Given information |
⁂

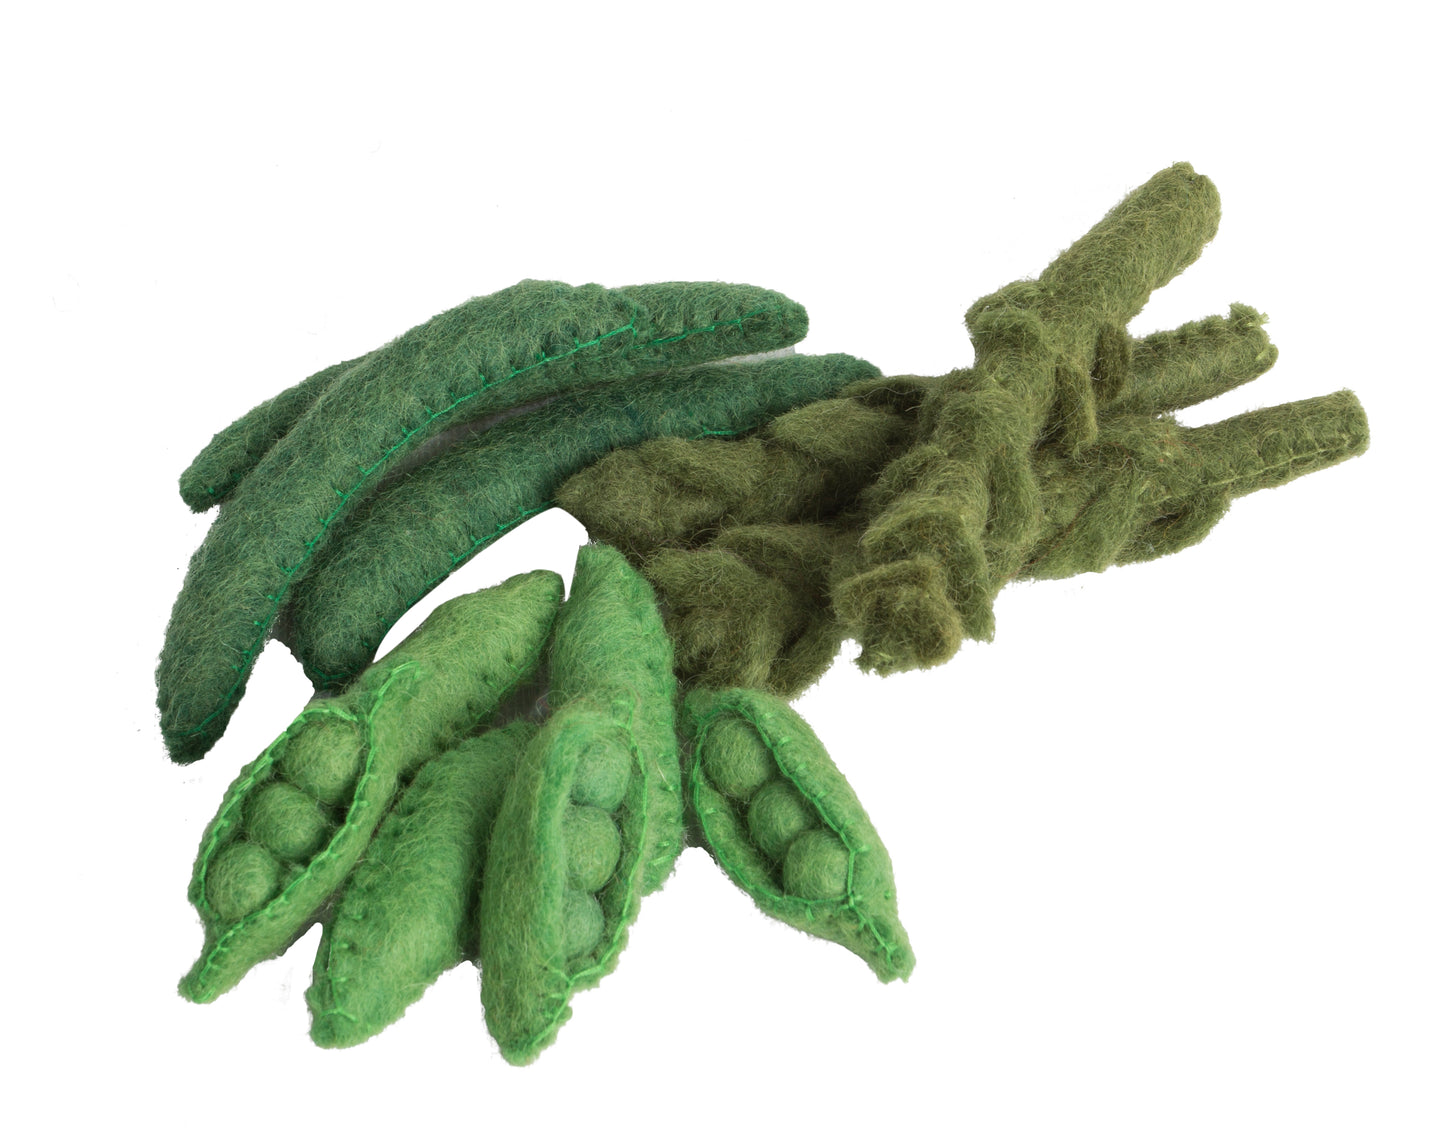 Papoose Toys Felt Vegetables FINAL CLEARANCE
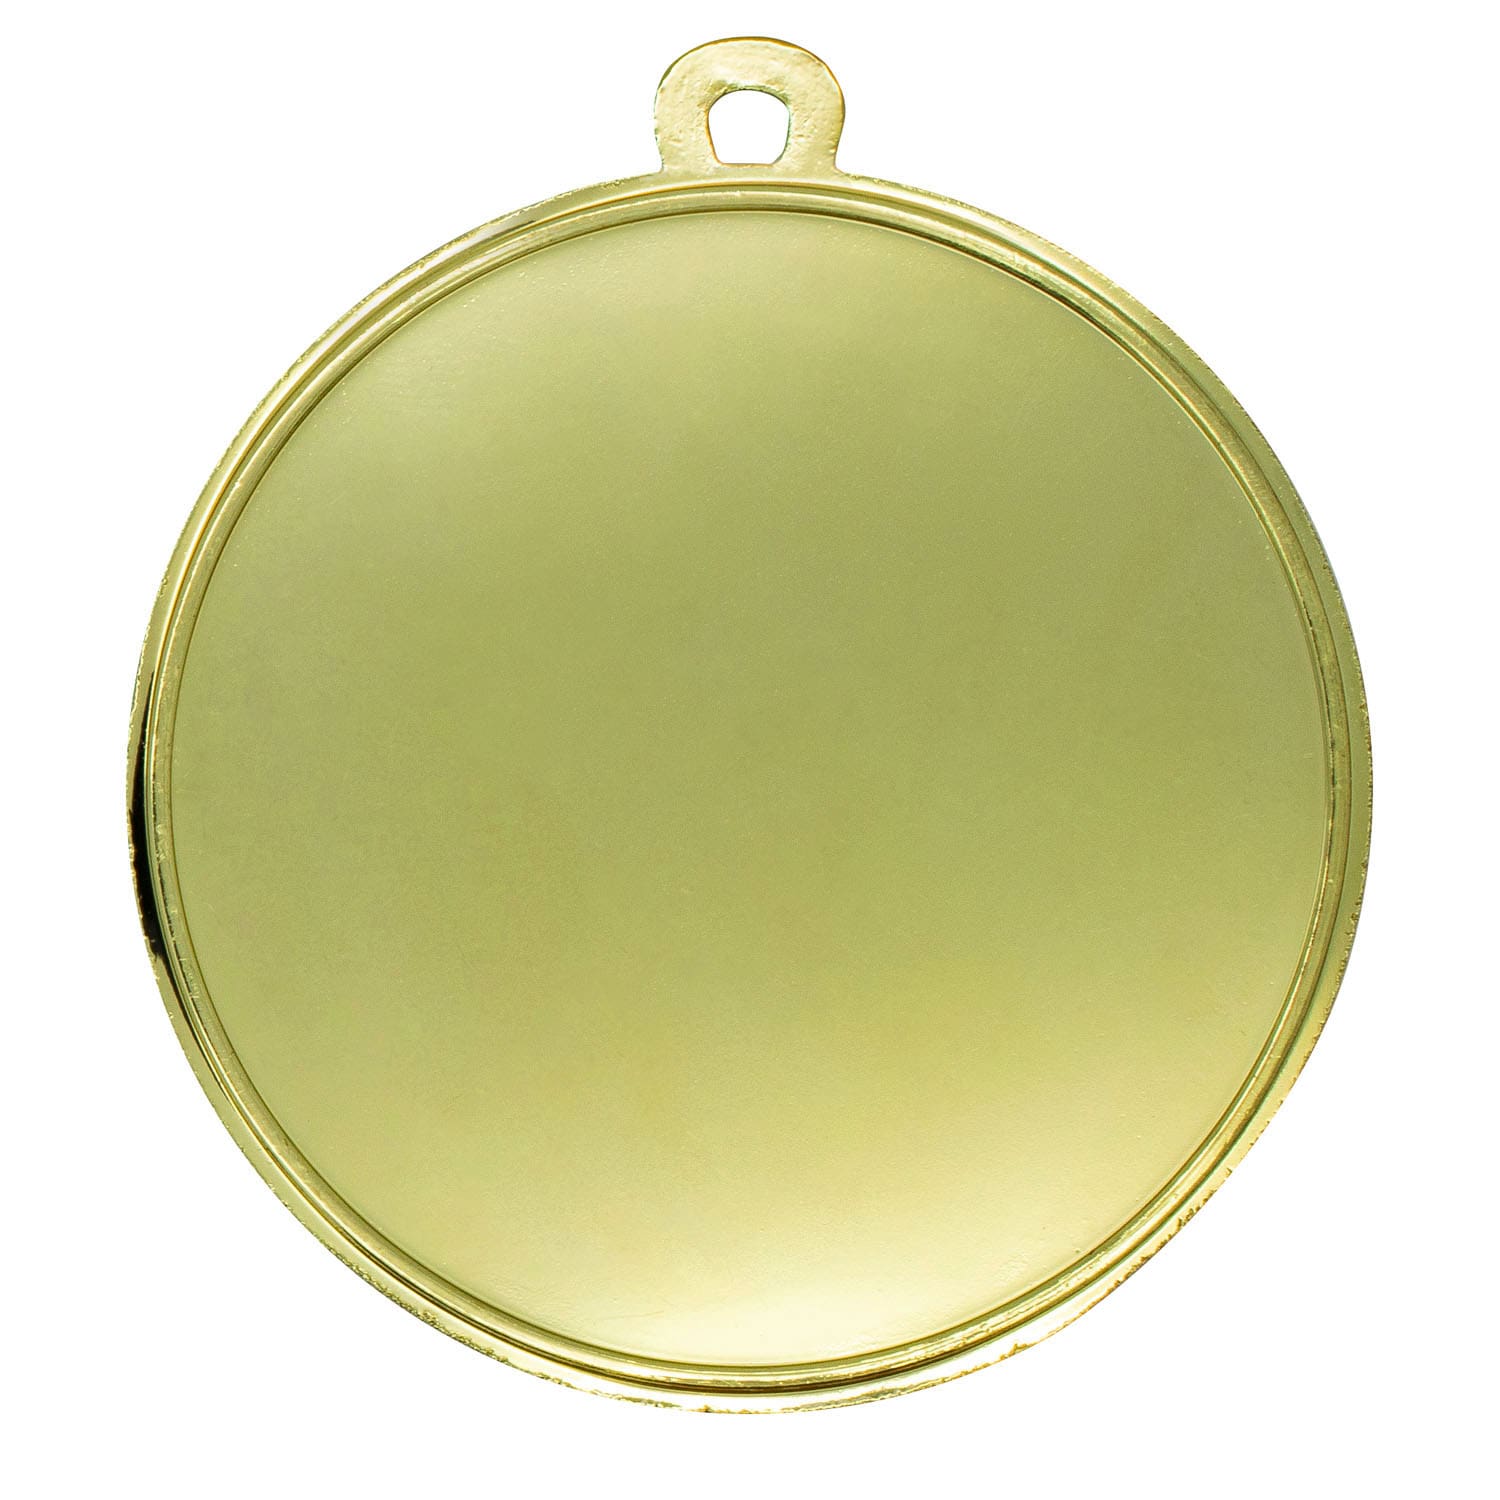 Medaille "Football" Ø 65mm gold mit Band
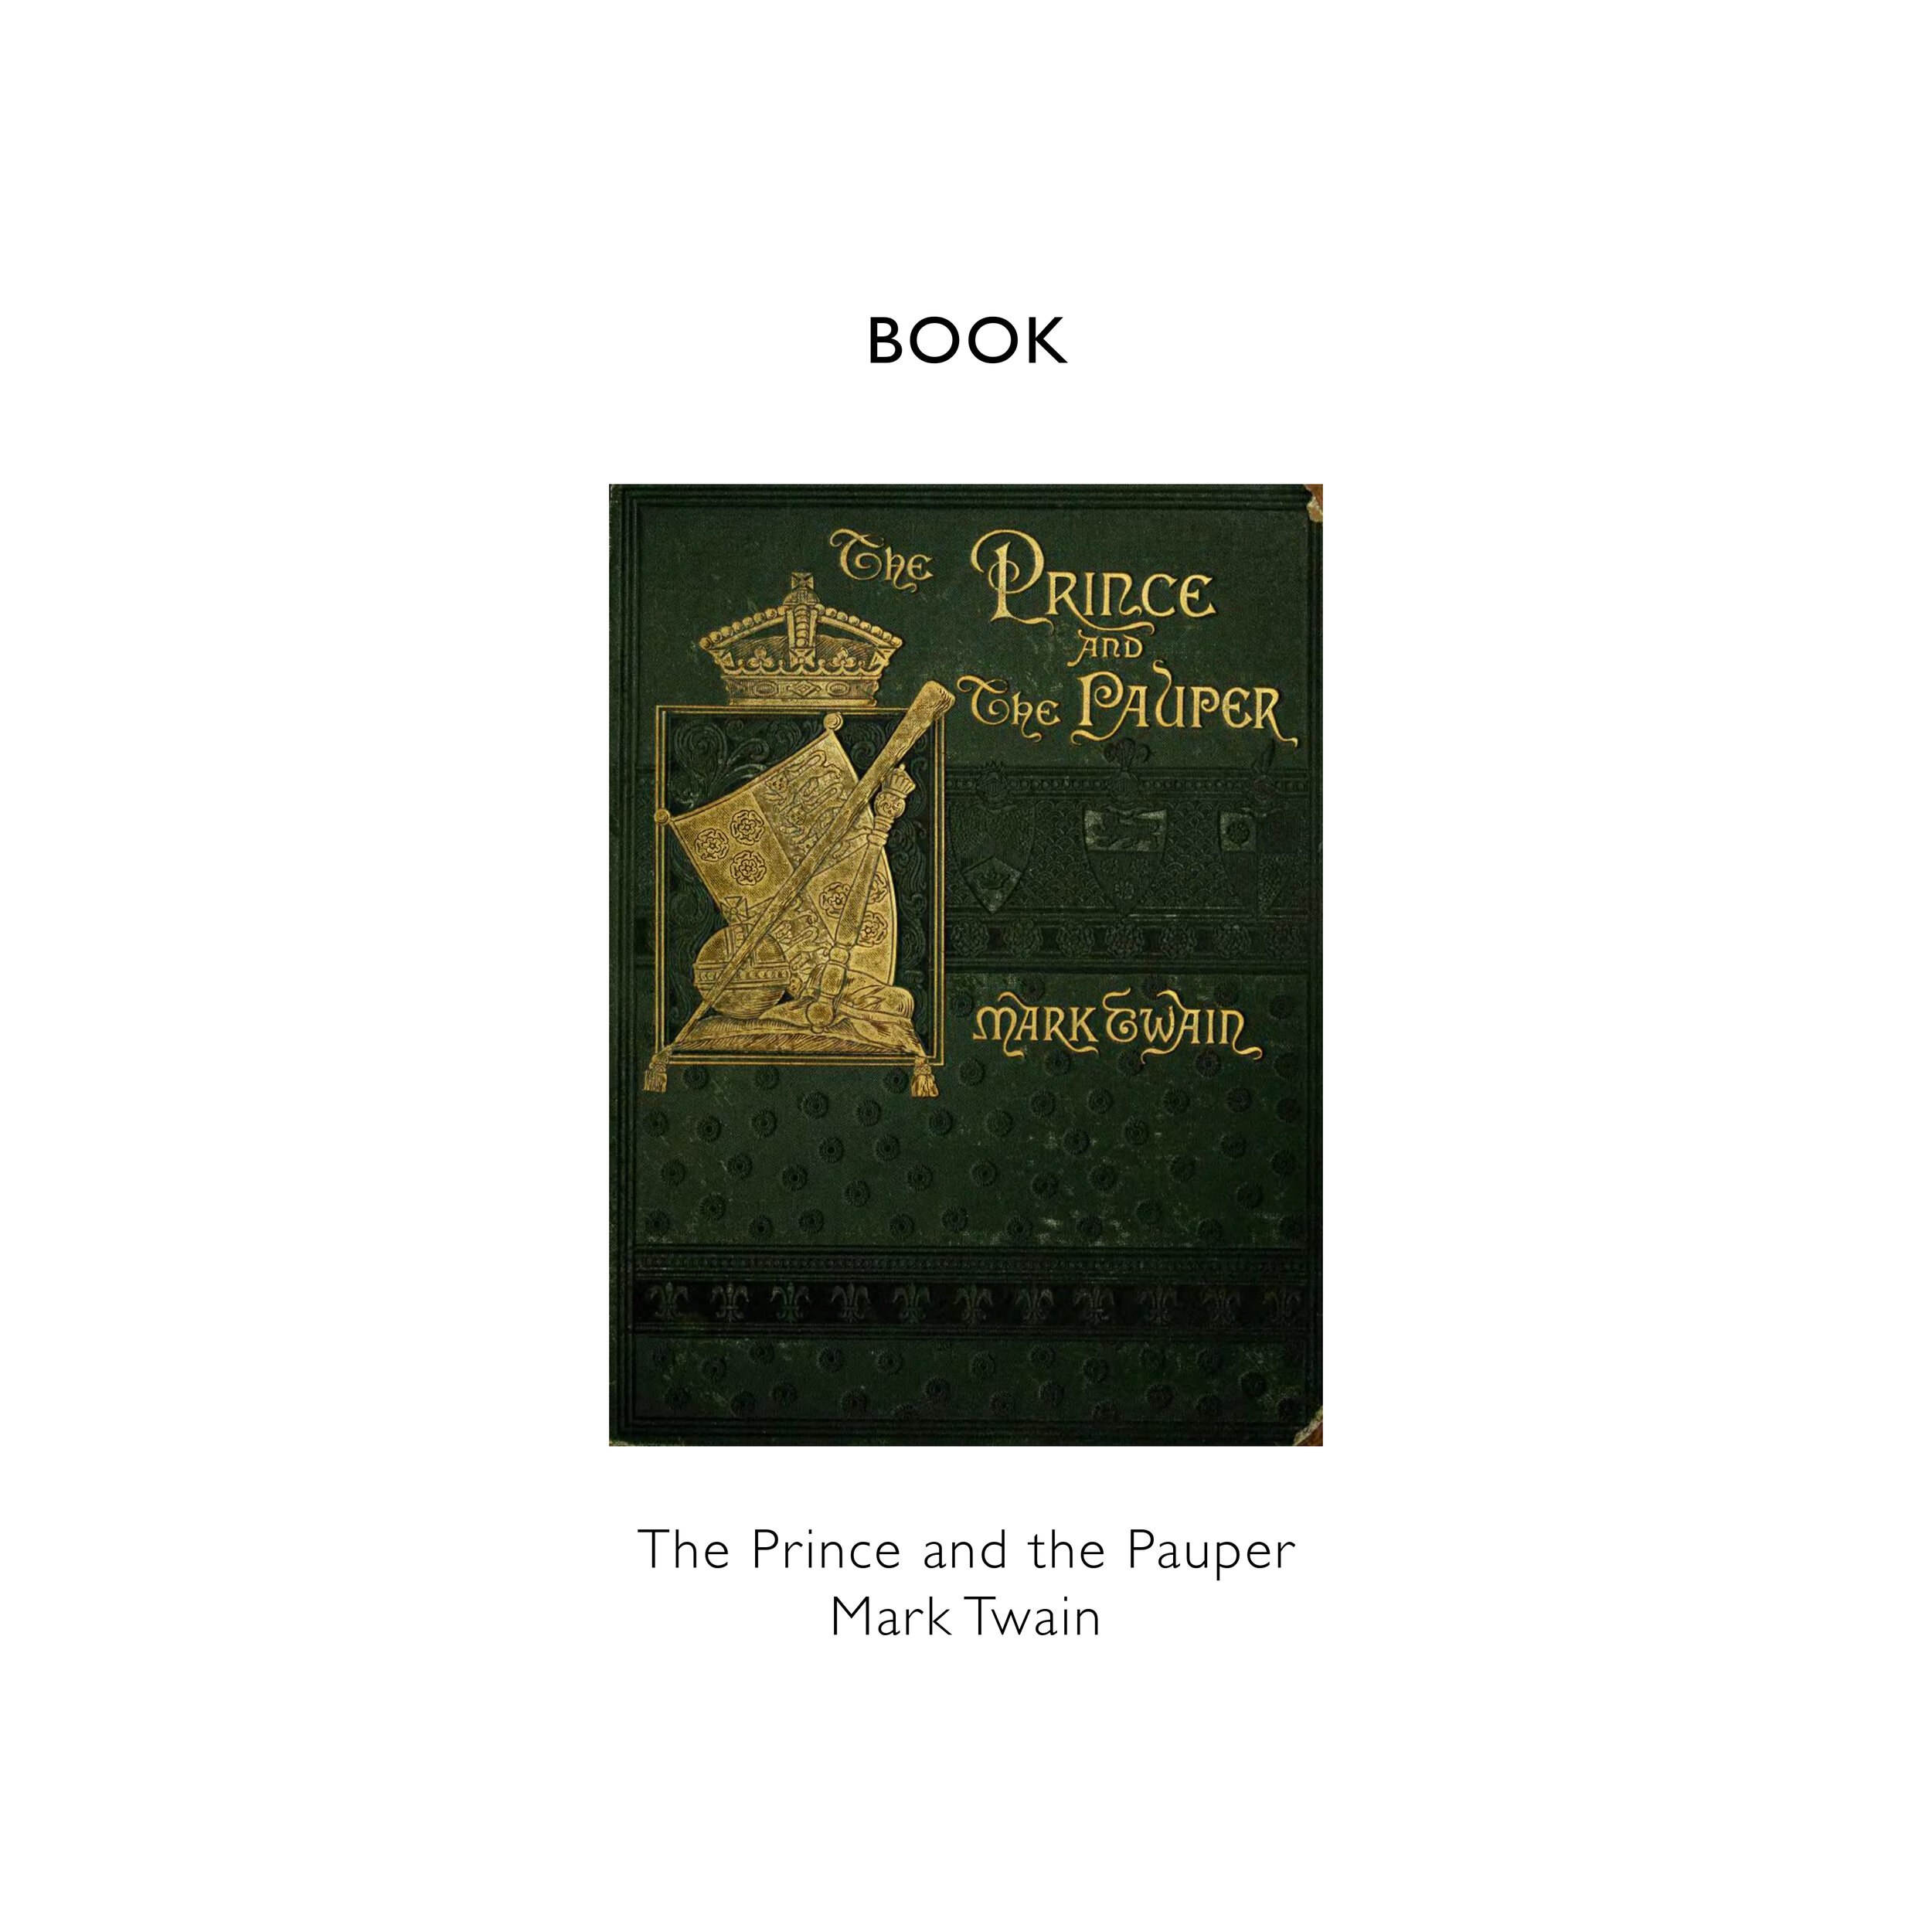 REFERENCE BLOG TEMPLATE The Prince and the Pauper Mark Twain  copy.jpg

⁂

Assignment | Please retype the whole listing above word for word and drop the pictures.

Task output |
 Papoose Toys Felt Vegetables FINAL CLEARANCE
 Medaille "Football" Ø 65mm gold mit Band
 REFERENCE BLOG TEMPLATE The Prince and the Pauper Mark Twain  copy.jpg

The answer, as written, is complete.